New Age Beliefs?


A blogging friend lists 21 characteristic beliefs defining that rather journalistic label “New Age”. Her question is, “How many of these do you agree with?” My answers are in italic.

The following are some common — though by no means universal — beliefs found among New Agers:*

  1. All humanity, indeed all life, everything in the universe, is spiritually interconnected, participating in the same energy. “God” is one name for this energy.

This is something I know because I’ve felt it, if only briefly.. It’s one of the basic principles of my new life. But I don’t feel any need to use the word “God” or even “energy”.

  1. Spiritual beings (e.g. angels, ascended masters, elementals, ghosts, and/or space aliens) exist, and will guide us, if we open ourselves to their guidance.

I do believe in angels, but in my own way, without the palaver of ascended masters and so forth. Angels in my view are a metaphor and a poetic way of expressing certain phenomena, which have a kind of aura, though I couldn’t express that in terms of any particular faculty of sense.

  1. The human mind has deep levels and vast powers, which are capable even of overriding physical reality. “You create your own reality.”

It may be the terminology used, but I don’t accept that we create our own reality, nor that the human mind has “has deep levels and vast powers”

  1. Nevertheless, this is subject to certain spiritual laws, such as the principle of cause and effect (karma).

Insofar as the “law of Karma” implies previous lives and reincarnation, I can’t accept this, as it implies a transmigration of soul without body.

  1. The individual has a purpose here on earth, in the present surroundings, because there is a lesson to learn. The most important lesson is love.

To say we have a purpose on earth is presumptuous. I’d saythat as humans we find ourselves obliged to make sense of our lives somehow. It’s easy to say that our purpose is love, without understanding. It’s easy to say something is beautiful, a flower or birdsong. None of this requires belief.

  1. Death is not the end. There is only life in different forms. What some refer to as an afterlife does not punish us but teaches us, perhaps through the mechanisms of reincarnation or near-death experiences.

“Death is not the end”. Presumptuous. I can’t believe it, see law of karma, above.

  1. Science and spirituality are ultimately harmonious. New discoveries in science (evolution, quantum mechanics), rightly understood, point to spiritual principles.

“Science and spirituality are ultimately harmonious.” One cannot say this.
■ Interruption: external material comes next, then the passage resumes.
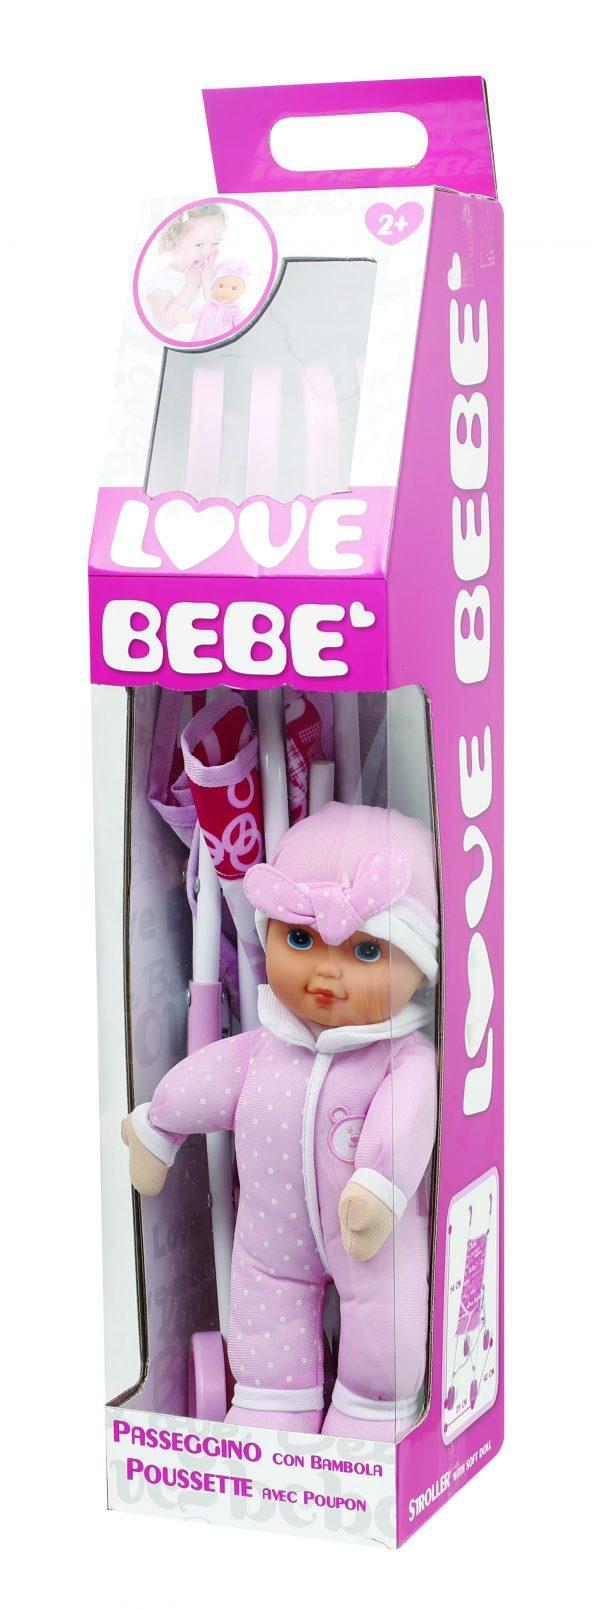 LOVE BEBÈ Passeggino in metallo con bambola soft ALTRI Femmina 0-2 Anni, 12-36 Mesi, 3-4 Anni, 3-5 Anni, 5-8 Anni, 8-12 Anni LOVE BEBÈ

They are not ultimately anything, only as humanly defined categories.

  1. It shares with many major world religions the idea that Intuition or “divine guidance” is a more appropriate guide than rationalism, skepticism, or the scientific method. Western science wrongly neglects such things as parapsychology, meditation, and holistic health.

More appropriate? We need both.

  1. There exists a mystical core within all religions, Eastern and Western. Dogma and religious identity are not so important.

I’d say dogma and religious identity are what we don’t need.

  1. The Bible is considered by some, but not all, to be a wise and holy book. Many important truths are found in the Bible, or are referred to only very obliquely. Some say that Jesus was an Essene, or that he traveled to India in his youth to study Eastern religions. Others say that Jesus was a later avatar of Buddha.

I see it as a holy book. But people see in it what they want to see.

  1. Feminine forms of spirituality, including feminine images of the divine, such as the female Aeon Sophia in Gnosticism, are viewed as having been subordinated, masked, or obliterated by patriarchal movements that were widely practiced when sacred teachings were first committed to writing. A renaissance of the feminine is particularly appropriate at this time.

I acknowledge the importance of women mystics over the centuries.

  1. Ancient civilizations such as Atlantis may truly have existed, leaving behind certain relics and monuments (the Great Pyramid, Stonehenge) whose true nature has not been discovered by mainstream historians.

“True nature?” No.

  1. There are no coincidences (see Synchronicity). Everything around you has spiritual meaning, and spiritual lessons to teach you. You are meant to be here, and are always exactly where you need to be to learn from what confronts you.

There are certainly coincidences. To see spiritual meaning and learn from events is in the eye of the beholder. Or not

  1. The mind has hidden powers and abilities, which have a spiritual significance. Dreams and psychic experiences are ways in which our souls express themselves.

I don’t know what spiritual significance means. These things may help us know ourselves and what goes on below ordinary consciousness.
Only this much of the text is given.